Un capítulo de responsabilidades se abría ante los Costa. En Izquierda República había mal humor por la huelga, por las noticias que traían los periódicos. Era cierto que en Toledo, Madrid, Cádiz, Granada, se multiplicaban las manifestaciones revolucionarias y en muchos otros lugares el fuego enlazaba uno a otro los campanarios. Los Costa decían que Azaña hacía cuanto podía para contener aquello, lo mismo que Indalecio Prieto. «Parece ser que Azaña . confía en Cataluña, Vascongadas y Galicia para que le ayudemos a mantener las riendas. Por eso concede el Estatuto y da todas las facilidades. Y, sin embargo, ya lo veis. Aquí mismo, tan moderados, se permite que hombres como el Cojo anden sueltos con ladrillos en la mano.»
A las setenta y dos horas de huelga el Inspector telefoneó a Julio:
– El Responsable acaba de mandarme un ultimátum.
– ¿Qué ha hecho usted?
– Nada. No transigir.
Julio le felicitó; y, sin embargo, la respuesta del Comité de Huelga fue fulminante: se dio vuelta a las llaves. La electricidad, el gas y el agua fueron cortados.
El triple corte provocó la mayor confusión que se recordaba en la ciudad. Todo quedó a oscuras. El inspector intentó telefonear de nuevo a Julio. Las tiendas cerraron en el acto, los grifos de los lavabos dejaron caer su última lágrima, en las cocinas se oían las más extravagantes maldiciones.
El Comisario, Cosme Vila y Casal opinaron que la insolencia pasaba de la medida.
A Casal, el apagón le sorprendió en el momento en que ultimaba la tirada de El Demócrata . La máquina paró en seco y las bombillas se apagaron. El aprendiz del taller encendió una vela. ¿Qué ocurría? En realidad, se encendían velas en todas partes. Casal comprendió en seguida de lo que se trataba y salió a la calle, dirigiéndose a la UGT. Al entrar en el local recibió una impresión fortísima, pues le pareció que entraba en una iglesia, dado que David y Olga habían ido a comprar cuatro velas. Lo mismo ocurría en la Jefatura de Policía y en el Partido Comunista. El despacho de Cosme Vila parecía un altar, en el que Stalin era el santo, pues su retrato se hallaba rodeado de velas.

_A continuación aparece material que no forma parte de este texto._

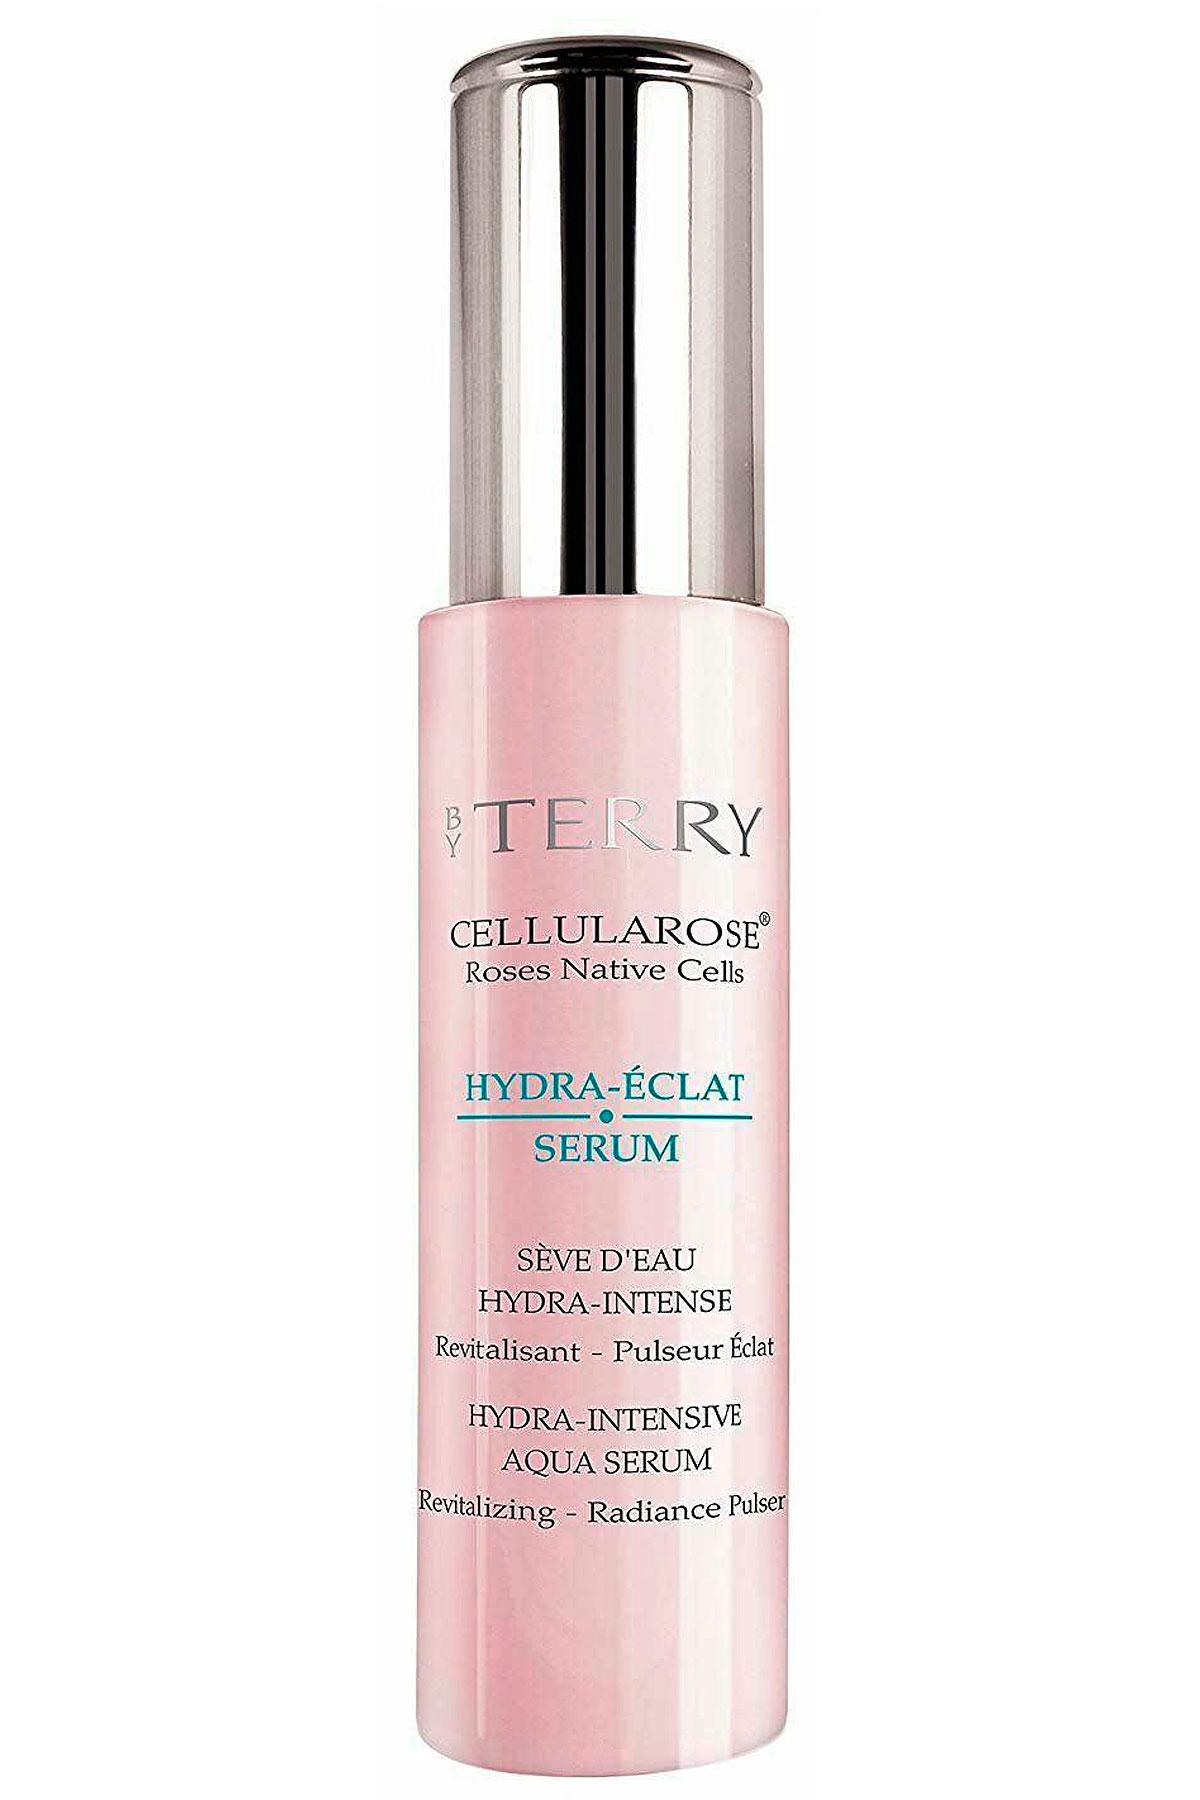 By Terry Beauty for Women On Sale, Hydra Eclat - Serum - 30 Ml, 2019, 30 ml

Casal y Cosme Vila se pusieron inmediatamente al habla, acuciados, además, por Julio, a quien doña Amparo Campo había ido a ver diciendo: «¡Te irás a cenar al restaurante! Sin agua no se puede cocinar».
Cosme Vila comprendió que el Responsable, por encima de los lamentos de las amas de casa, estaba a punto de conseguir un éxito rotundo, pues la reacción en general era favorable. Se hubiera dicho que el propósito anarquista de llevar las cosas hasta el fin se contagiaba incluso a personas a las que todo aquello perjudicaba. Se oían frases sintomáticas. «Desde luego tienen razón. La Fábrica Soler ganó en 1935 seis millones de pesetas.» «Si las autoridades no intervienen es porque comprenden que están en falso.» «Vale la pena estar unos días sin agua si a fin de año le dan a uno un cheque…»
Cosme Vila le dijo a Casal:
– Ya sabes mi criterio. Los anarquistas son una pandilla de bandoleros. Os dije que los tratábamos con demasiadas contemplaciones. Ahora, desde luego, se ha terminado. Tú verás si me sigues. Yo, desde luego, pienso pedir fuerza armada y salir en su busca.
Casal frunció las cejas.
– No comprendo -dijo-. ¿Qué te propones?
– Que el lunes, a las ocho en punto de la mañana, tus afiliados y los míos vayan a trabajar, cueste lo que cueste.